We plan to take him to the vet to request an IV tomorrow but I'm not too sure he is dehydrated since he drinks water and urinates but am worried. 

Any suggestions would be appreciated.

thanks from 2 worried parents...

*Update* From more research, I'm pretty convinced the issues are from the fentanyl patch. Have read some pretty horrifying stories. I read of of antidote for the fentanyl but cannot find what it is. Does anyone know? 

If he continues much longer like this it may be time to go to the ER.... I feel so bad for him and not knowing what to do to help him...


----------



## spotted nikes (Feb 7, 2008)

The antidote for Fentanyl and other opiates is Narcan.


----------



## Remy97 (May 31, 2009)

Thanks spotted nikes. 

I read of Naloxone as the anitdote for fentanyl. None the less, we're off to the ER. All of us are a wreck ---> at least I am. And my buddy looks miserable and I can't take it any longer.

Thanks again!

UPDATE
spotted nikes I just seen they are two of the same


----------



## Renoman (Mar 20, 2007)

Any update?


----------



## Remy97 (May 31, 2009)

Hi Renoman - thanks for following the post.

Update - 

Took him to the ER and they gave him nausea and anti-vomiting injection along with a water injection to help with any dehydration that may be present. They said if he doesnt' eat today to bring him back in for a full blood work-up and overnight stay for observation. 

As always when he got to the ER he was totally a different dog. He was wagging his tail, very alert and totally the opposite of when he's at home. I know it's his adrenaline racing - They tried to give him a treat when we got there but he didn't want it. But after the injections he actually took a bone and started walking around the hospital with it for about 5 mins then ate it. 

When we got home (around 5am) he ate about 6 bone marrow treats but didn't want anything else. This morning he did have a small stool and still urinates and drinks water. We have stopped all pain meds since yesterday at 9am and he doesn't appear to show any signs of being in pain so we are going to continue to keep him off of them. Now he is back to just laying around and sleeping, not wanting to be bothered. He went through a lot last night though...

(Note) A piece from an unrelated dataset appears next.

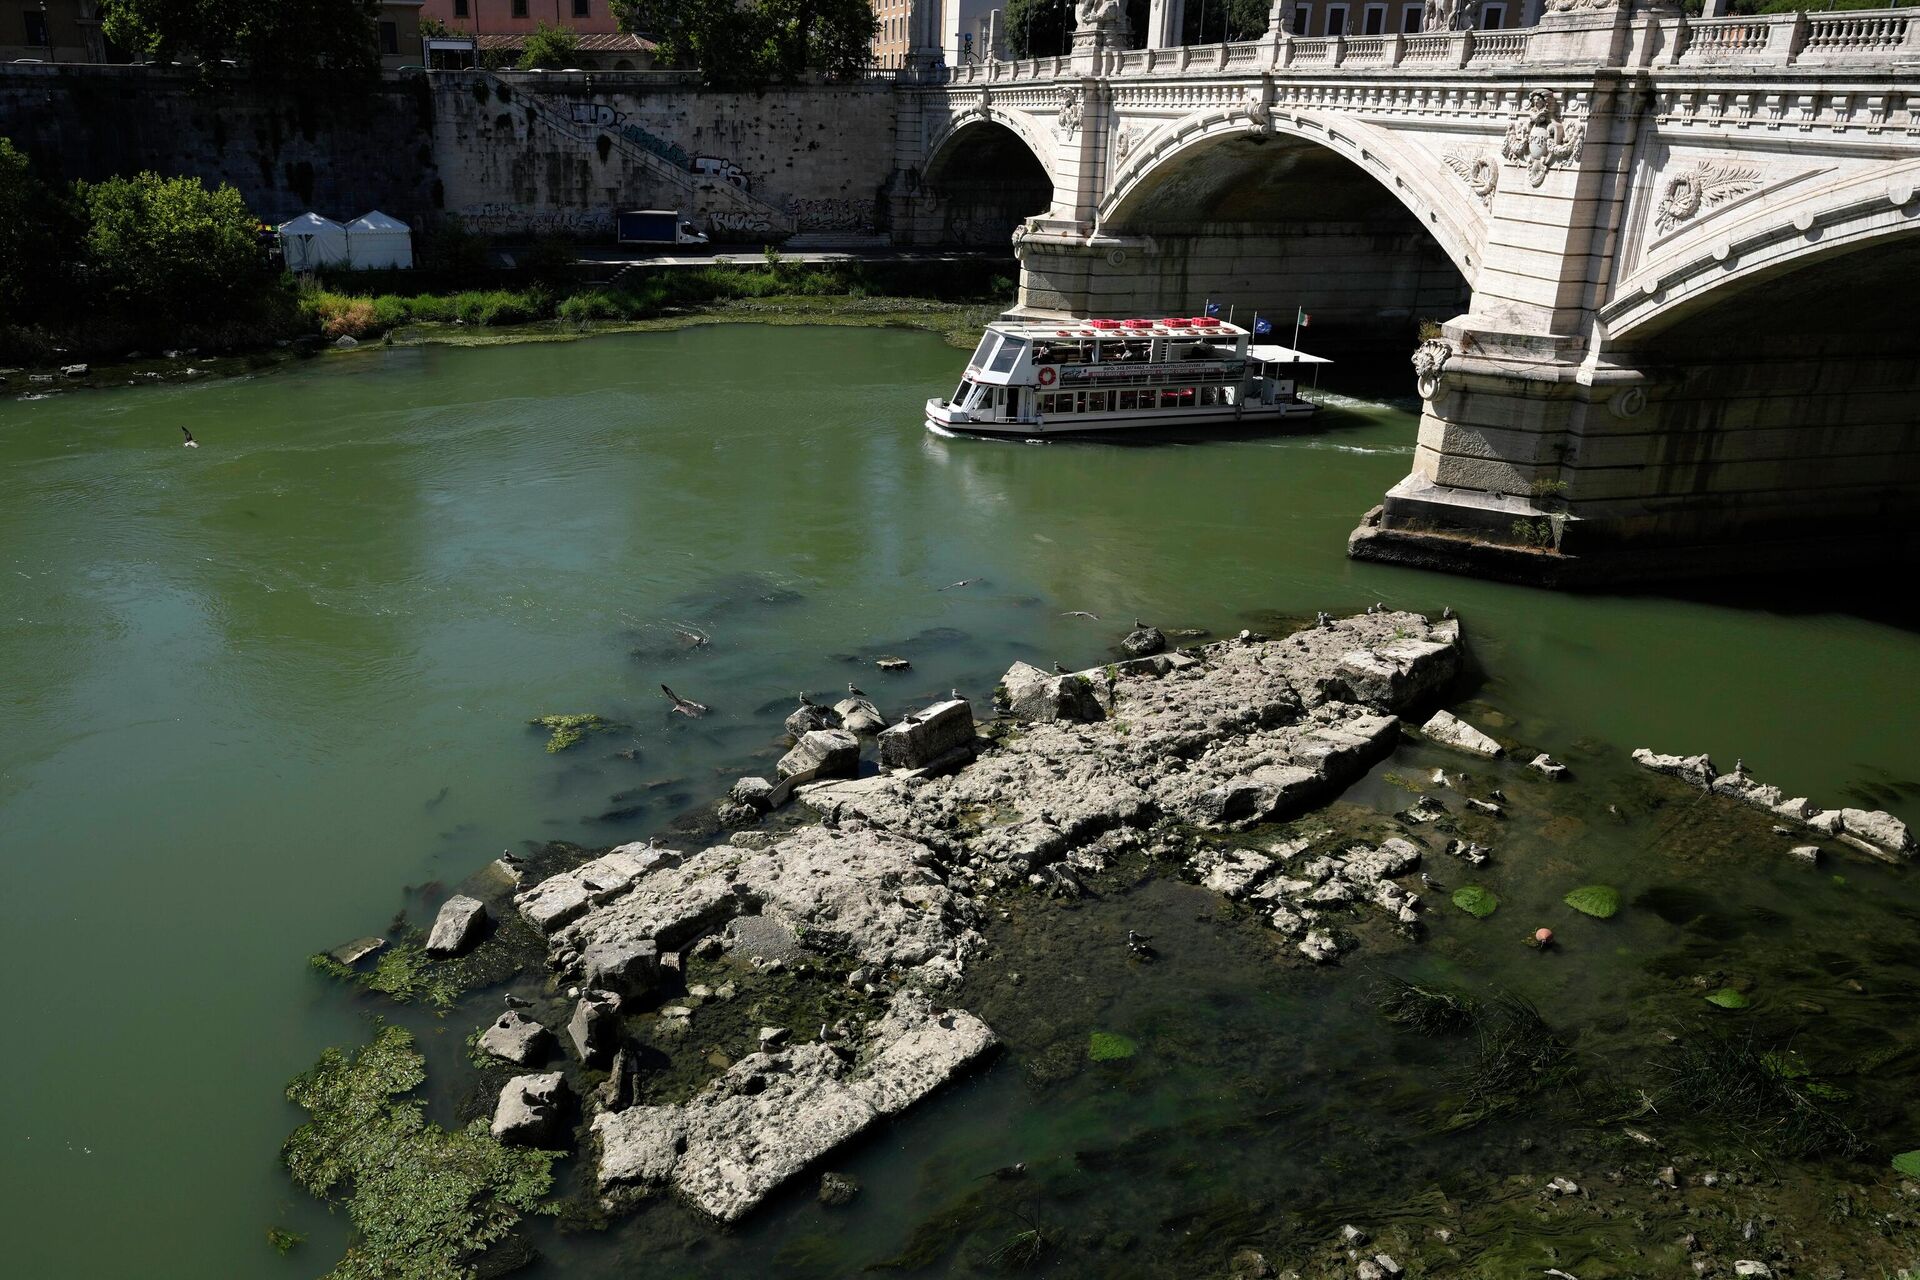 A boat passes by the ruins of the ancient Roman Neronian bridge, usually submerged by the Tiber, in Rome, Thursday, June 30, 2022 - Sputnik International, 1920, 25.08.2022

Thanks to all for following this post. If you have any comments / opinions on his behavior or anything, I thank you.


----------



## Renoman (Mar 20, 2007)

Thanks for the update. 

Sounds like he's feeling a little better - that's always good news. 

Maybe he just needs some time. After all, he's 12 and 1/2 y.o. and just had surgery. It probably took alot out of him and he needs time to regroup. 

You might try getting him to eat with some scrambled egg or baby food. Maybe the chewing action hurts him. 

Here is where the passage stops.